Novel Biomedicines from the Deep
Nature offers a huge variety of small molecules and compounds with potential pharmaceutical applications. Such natural products are the cornerstone of drug discovery as they exhibit novel chemical structures and potent biological properties. Studies of the National Cancer Institute in the U.S. have shown that the marine environment--and in particular also remote and largely untouched areas--is a significant source for novel, unstudied biologically active compounds.
Structure determination of organic molecules is normally achieved using spectroscopic techniques such as mass spectrometry, which defines the molecular formula, and nuclear magnetic resonance (NMR) spectroscopy which is the molecular cousin of MRI (magnetic resonance imaging). Each carbon and hydrogen atom in a molecule has a defined frequency in the NMR spectrum. Using sophisticated variants of this technique, one can determine how hydrogen and carbon atoms are connected together, thus mapping out the molecular structure.
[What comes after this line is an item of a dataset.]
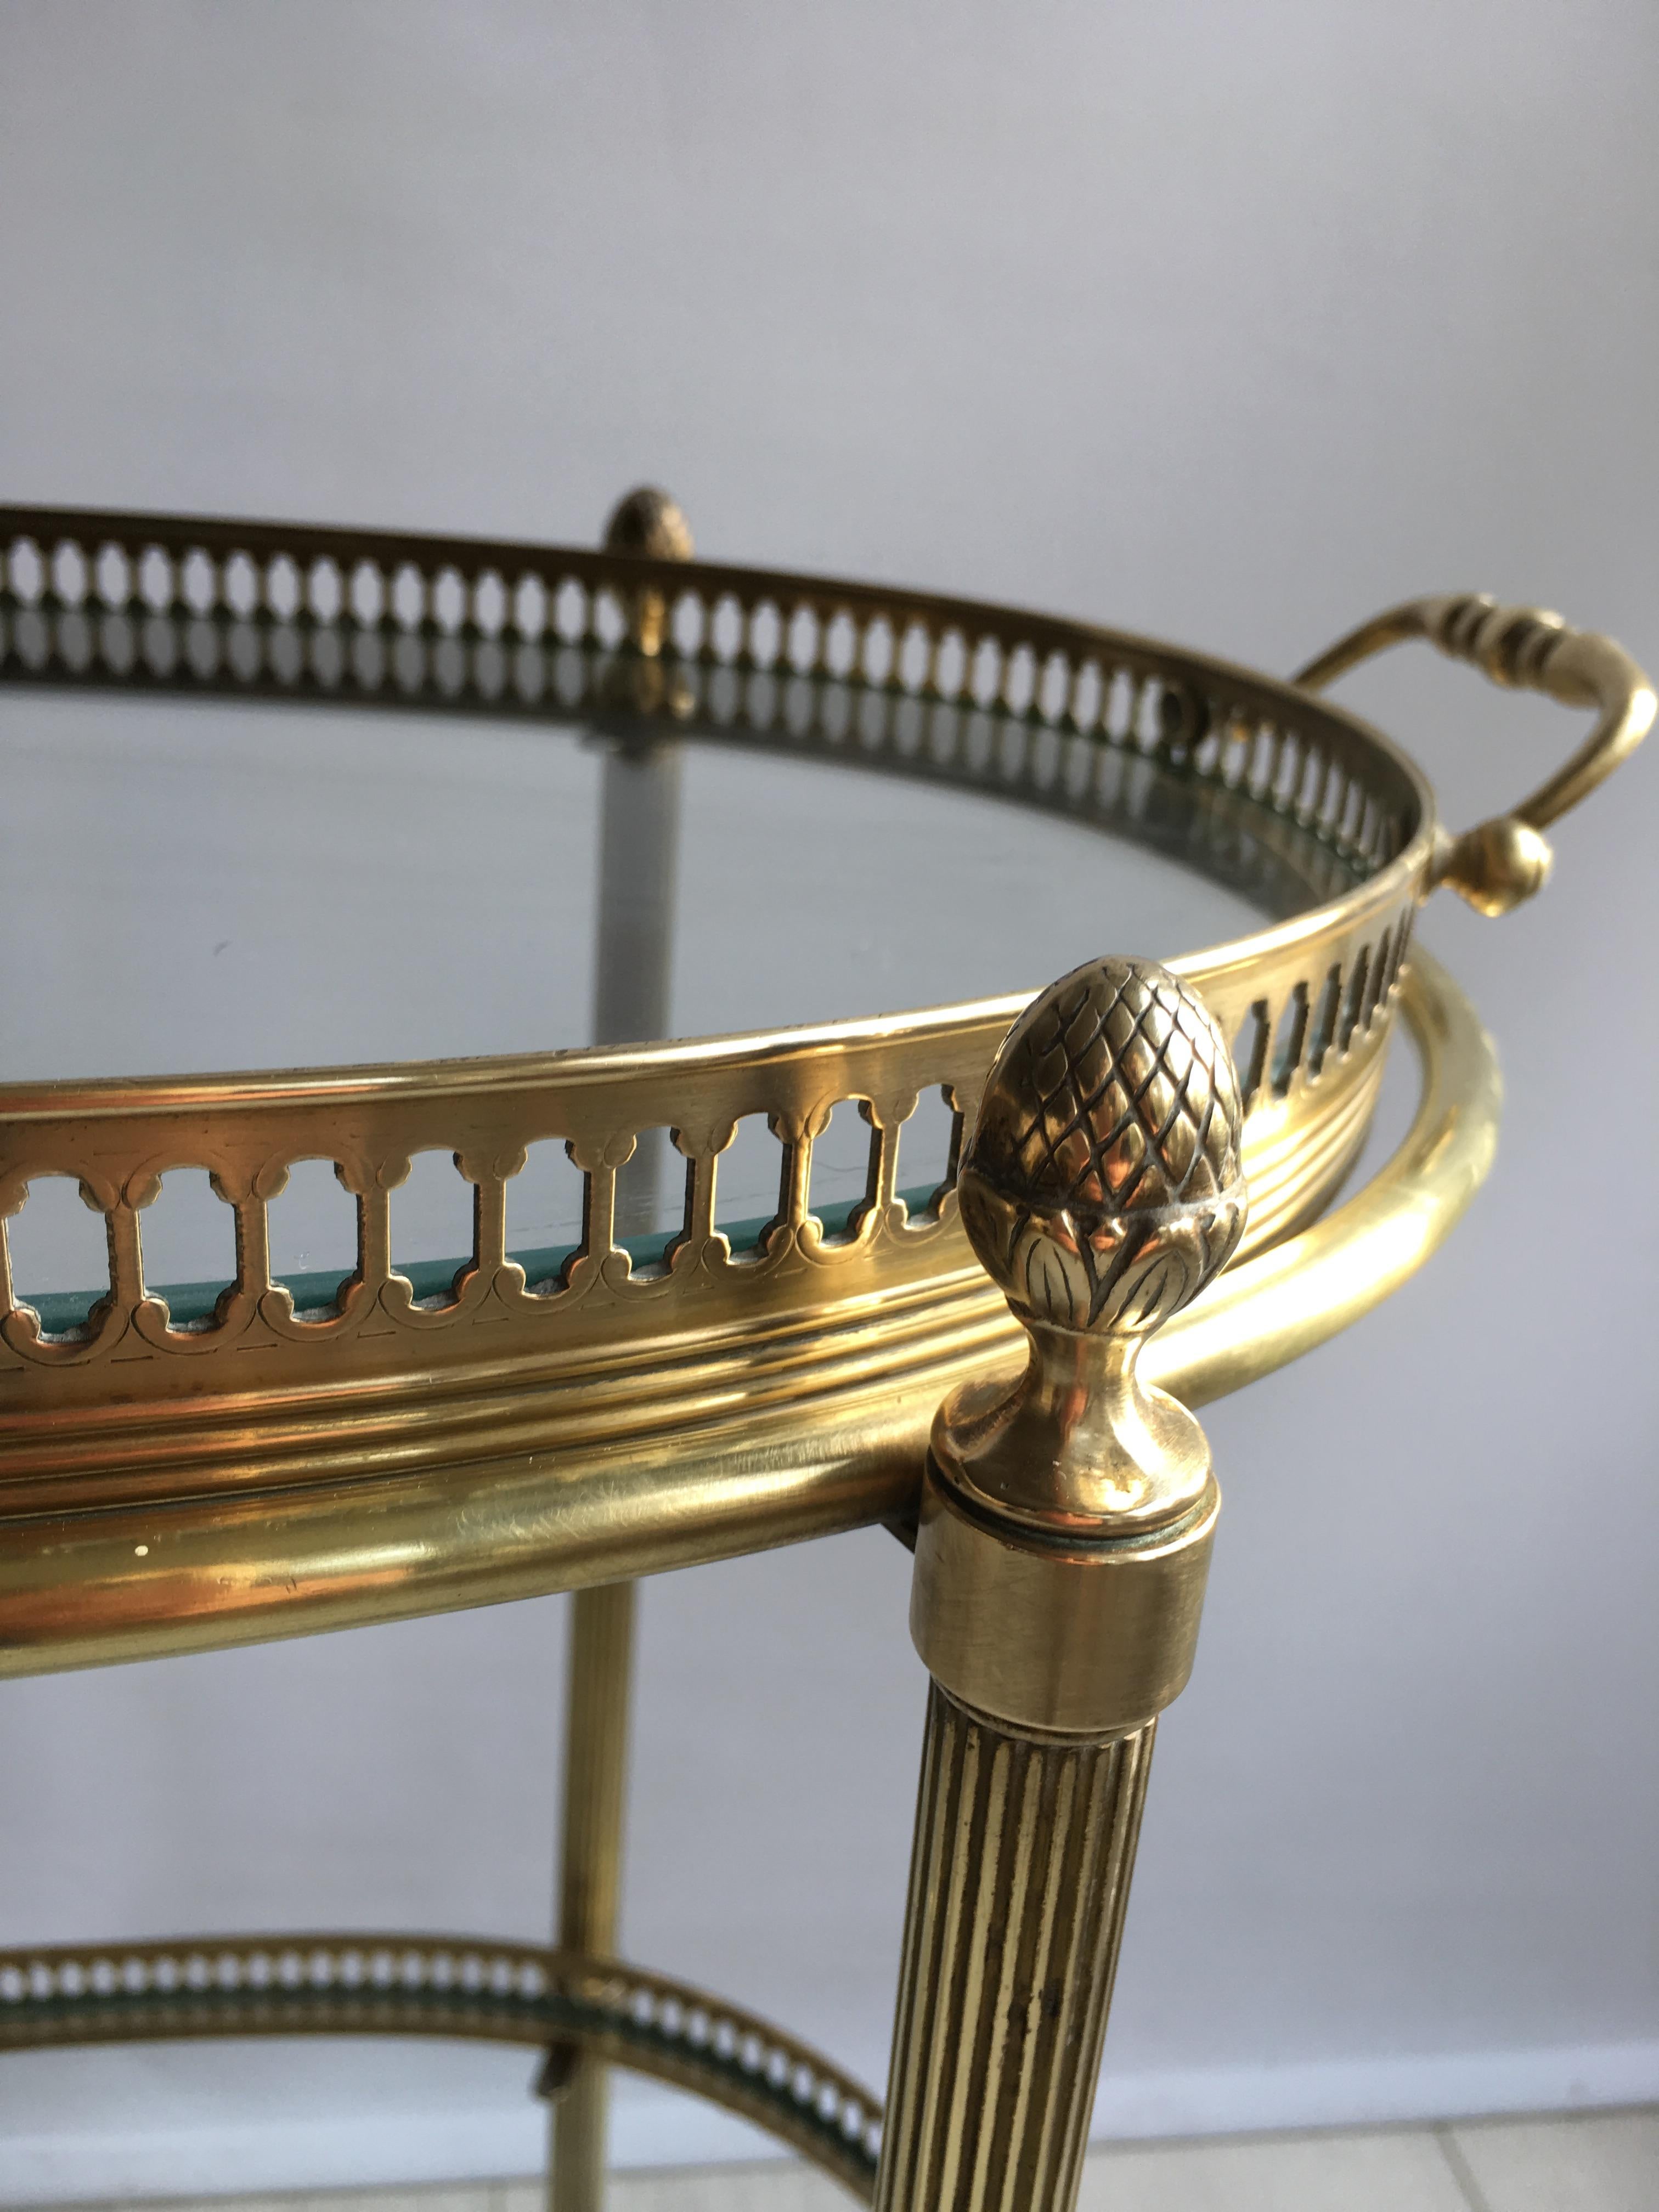 Mid-20th Century Vintage French Brass Oval Drinks Trolley or Bar Cart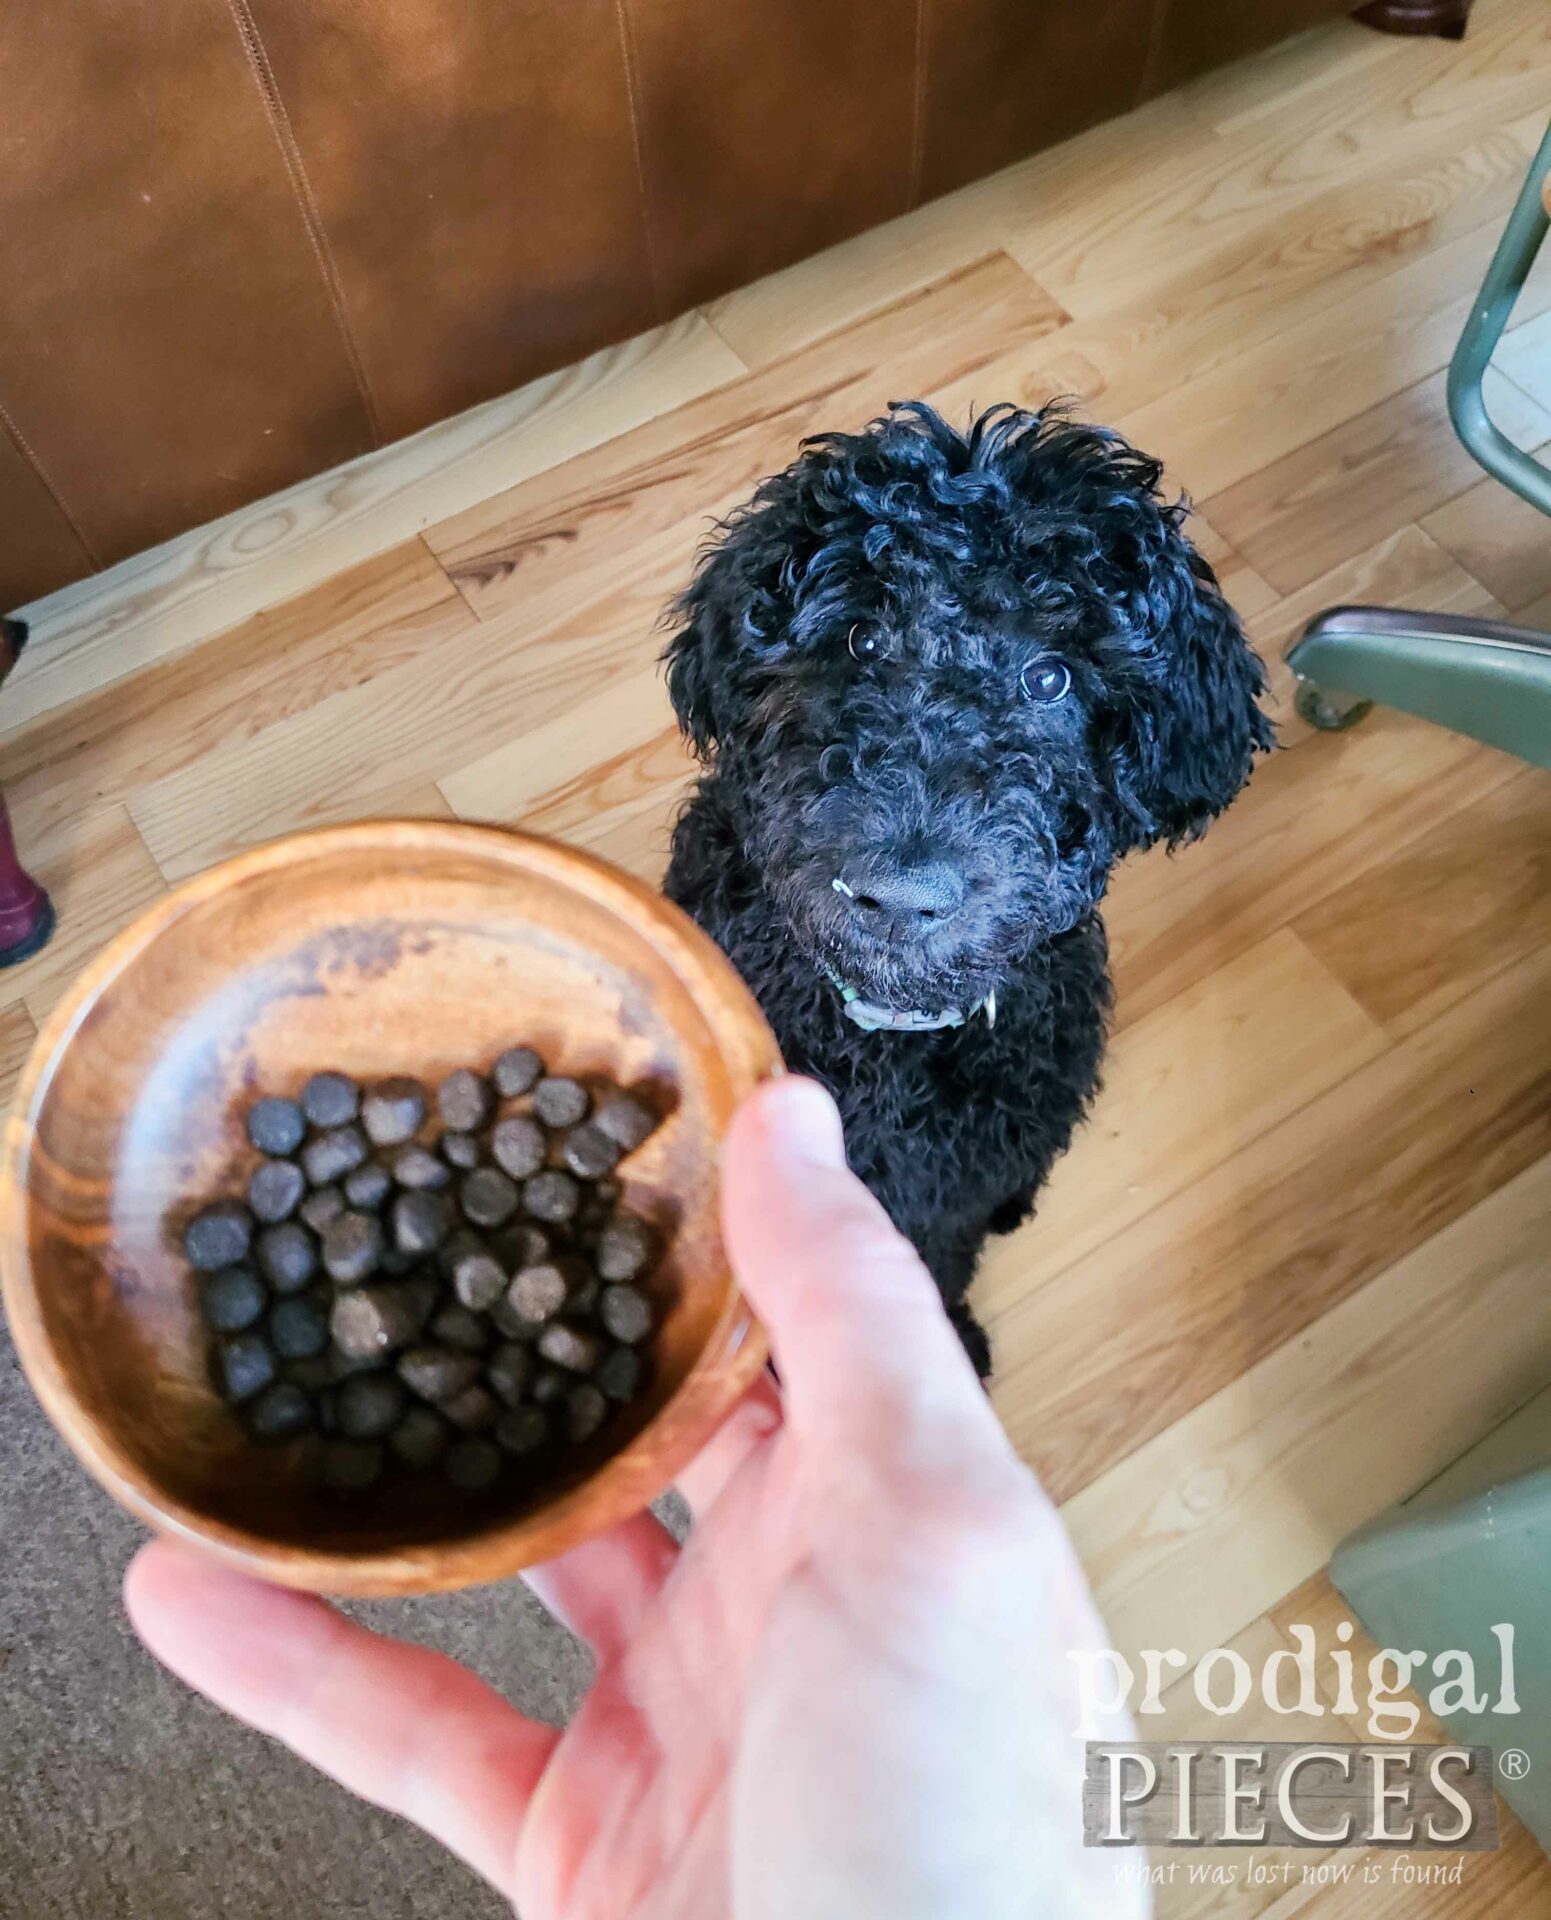 Potty Trained Black Goldendoodle Puppy with Upcycled Salad Bowl for Treats by Larissa of Prodigal Pieces | prodigalpieces.com #prodigalpieces #puppy

However, when there are few hydrogen atoms in the molecule, as occurred in this case, these techniques fail to come up with a unique solution, meaning that other methods are needed to solve the problem.
Imaging the "anatomy" of a molecule
The AFM uses a sharp tip attached to a small spring to measure the tiny forces between the tip and the sample, such as a molecule, to create an image. To image the chemical structure of a molecule with an AFM, it is necessary to operate in very close proximity to the molecule -- the range, where chemical interactions give significant contributions to the forces, is less than a nanometer. To achieve this, IBM scientists increased the sensitivity of the tip by deliberately picking up a carbon monoxide (CO) molecule. When close enough to the sample, the CO-terminated tip is able to sense tiny repulsive forces. In this way, the CO-terminated tip resolves the individual atoms within the investigated molecule, revealing its atomic-scale chemical structure.
IBM and nanotechnology
Scientists have been striving to "see" and manipulate atoms and molecules to extend human knowledge and push the frontiers of manufacturing capabilities to the nanometer regime. IBM has been a pioneer in nanoscience and nanotechnology ever since the development of the scanning tunneling microscope in 1981 by IBM Fellows Gerd Binnig and Heinrich Rohrer at IBM Research – Zurich. For this invention, which made it possible to image individual atoms, Binnig and Rohrer were awarded the Nobel Prize in Physics in 1986. The AFM, an offspring of the STM, was invented by Binnig in 1986. The STM is widely regarded as the instrument that opened the door to the nanoworld. A new facility for world-class collaborative nanoscale research will open in 2011 on the campus of IBM Research – Zurich. The new nanotech center is part of a strategic partnership in nanotechnology with ETH Zurich, one of Europe's premier technical universities.
The scientific paper entitled "Organic structure determination using atomic-resolution scanning probe microscopy" by L. Gross, F. Mohn, N. Moll, G. Meyer, R. Ebel, W. M. Abdel-Mageed and M. Jaspars, appeared online in Nature Chemistry, DOI: 10.1038/NCHEM.765 (1 August 2010).
* The original samples came from Prof. Koki Horikoshi at JAMSTEC in Japan - using the deep submersible, Kaiko.